*Upcoming Deadline* Queer Politics in Media and Legal Cultures

deadline for submissions: 
May 15, 2023
full name / name of organization: 
Laura Borchert and Melanie Kreitler


Special Issue of Amerikastudien / American Studies

“Queer Politics in Media and Legal Cultures”


In 2022, the Floridian Parental Rights in Education bill, commonly known as “Don’t Say Gay Bill,” heralded a new era of legal censorship specifically targeting LGBTQ persons. Later that year, Florida’s Governor Ron DeSantis punished the Walt Disney Company for publicly speaking out against the state’s increasingly hostile anti-queer stance. By dissolving Disney’s special status as an independent governing district, DeSantis retaliated for the company’s public criticism.

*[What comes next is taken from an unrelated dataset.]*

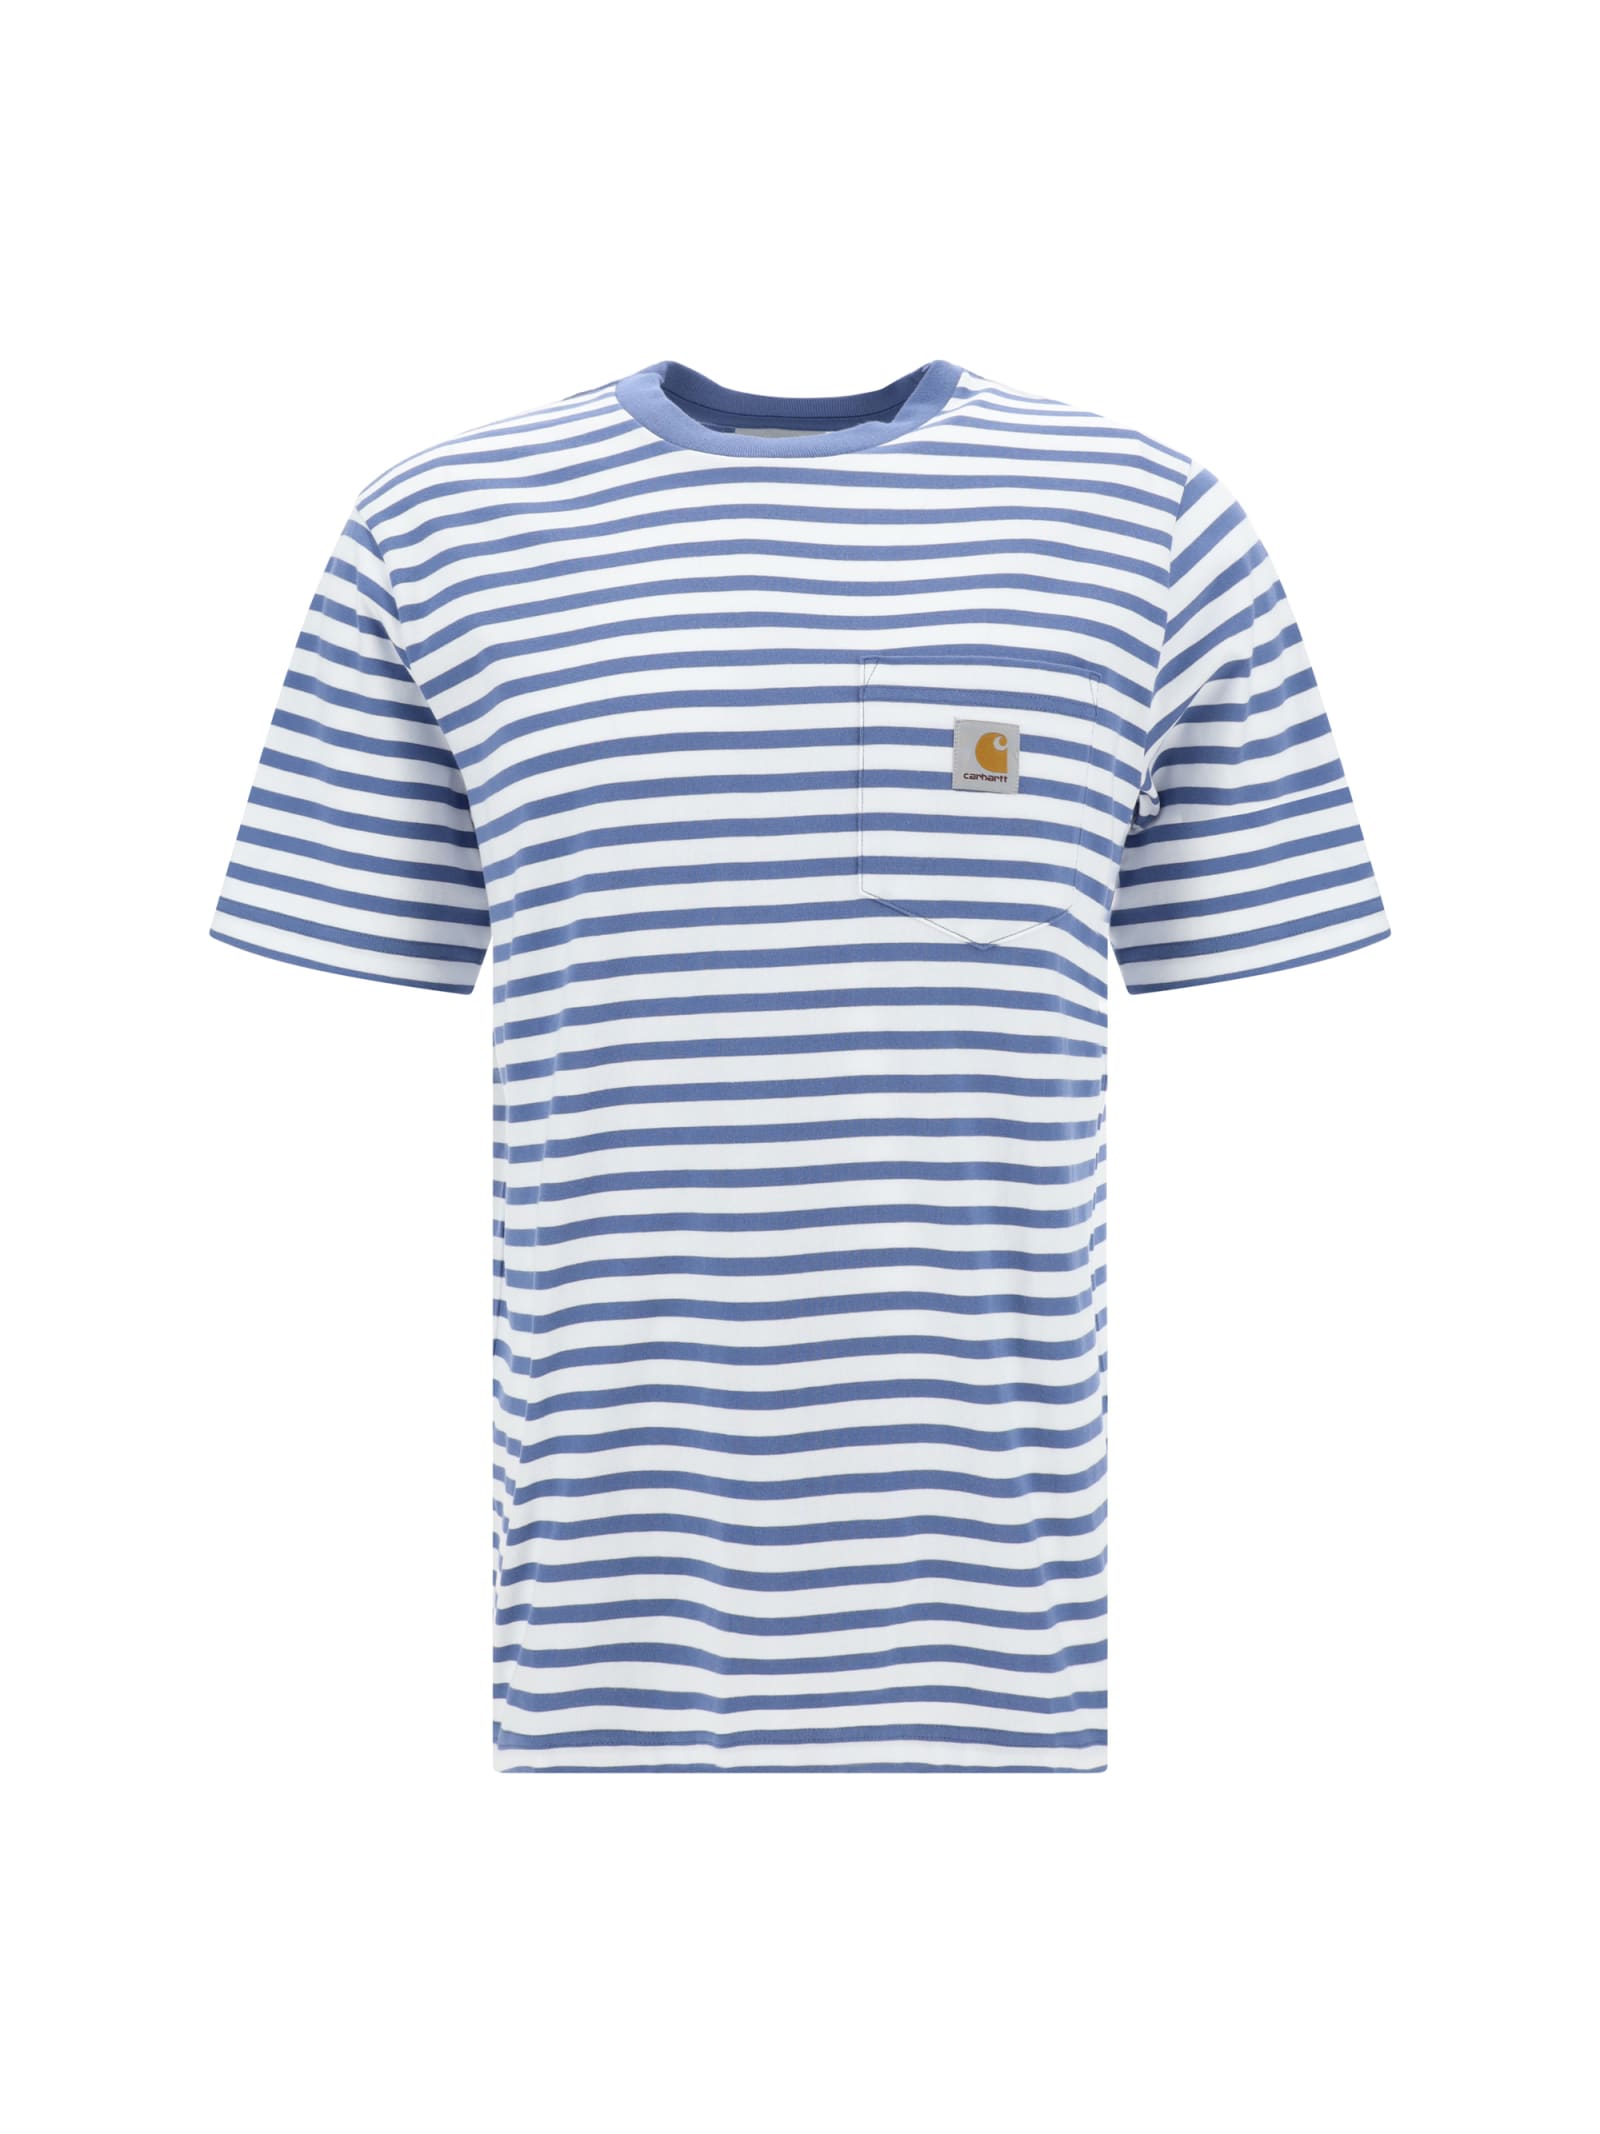 Shop Carhartt T-shirt In Seidler Stripe, Sorrent / White

What happened in Florida is exemplary of current U.S. American struggles over cultural hegemony. 2021 saw an unprecedented number of book challenges and bans, with non-binary author Maia Kobabe’s graphic novel Gender Queer (2019) spearheading the list. Parents, school boards, politicians, and state legislatures pressure for this and similar titles to be taken off school curriculums, school libraries, and, in some cases, libraries of entire districts or states. While previous censorship targeted topics of race and racism in schools, parental concern is now leveled at issues of diversity, equality, and inclusion in general. Such efforts attack not only the legitimacy of these books’ subject matter, but also the subjects that they speak to.

This Special Issue of Amerikastudien / American Studies “Queer Politics in Media and Legal Cultures” addresses how media do say gay (and non-binary and trans) and have always done so. Contemporary productions impress with ever more diverse representations and narratives of queerness or queer subjects. Popular culture and social media have become one of the central venues “where anxieties about sociolegal issues are negotiated using fictional means” (Olson 5). This Special Issue focuses on how queerness is narrated in and through legal texts and media productions. We seek to identify the media’s potential as a subversive political force that challenges heteronormative tenets and anti-LGBTQ tropes and narratives. Simultaneously, we are interested in examining how laws and legal texts influence queer media productions.

To date, most scholarship focuses on the warranted criticism of negative stereotypes of queer representation in the media. Building on the work of Judith Butler and Sara Ahmed, this issue “turns around” discursive trajectories to emphasize how queerness resists these legal-cultural forces and becomes possible in and through media (Ahmed 15). Drawing on a wide range of primary texts, including different media–such as graphic novels, films, television, video games, and social media–, and legal texts–such as court opinions, executive orders, bills, and laws–, our aim is to sketch queer possibilities in media and interventions in political anti-LGBTQ discourses.

We invite contributions that offer novel and interdisciplinary perspectives on queer politics in U.S. American media and legal cultures, whether on a representational, narrative, or structural level.

Potential topics include but are not limited to:

  • queerness in media and law

    • how media reflects and negotiates current legal and cultural developments of LGBTQ experiences

    • genealogies of (anti-)LGBTQ discourses 

  • queering media and law

    • new configurations of the concept of queerness (e.g., queer hermeneutics of law, queer narratology)

    • survival strategies and subversive practices in times of censorship

    • un-doing cis- and heteronormativity (e.g., queer temporalities, queer interventions)

  • queer media and law

    • queerness beyond representation

    • theoretical work on media’s and law’s role in fostering a more diverse conception of other people’s lived realities

If you are interested in contributing to this Special Issue of Amerikastudien/American Studies, please submit an abstract of 300 words with the article title, 5-6 keywords, and a short biographical note to the guest editors Laura Borchert (laura.borchert@anglistik.uni-giessen.de) and Melanie Kreitler (melanie.kreitler@anglistik.uni-giessen.de) (subject line “Abstract Submission Special Issue”) no later than May 15, 2023. You will be notified by June 1, 2023 whether your paper proposal has been accepted. Invited articles of 8,000 words will be due August 1, 2023, and will be subject to full, double-blind peer review. The planned publication date is in late 2024.

About Amerikastudien / American Studies

Amerikastudien / American Studies: A Quarterly (Amst) is a double-blind peer reviewed journal and the official journal of the German Association for American Studies, dedicated to an interdisciplinary and transnational concept of American Studies and covering all areas of the discipline, including literary and cultural criticism, media, history, political science, linguistics, and pedagogy. Amst aims to reach beyond the limitations of analogue accessibility, to offer opportunities for engagement, dialogue, and intellectual exchange to American Studies scholars across disciplines, generations, and nations, and to thus open up new opportunities of global professional exchange.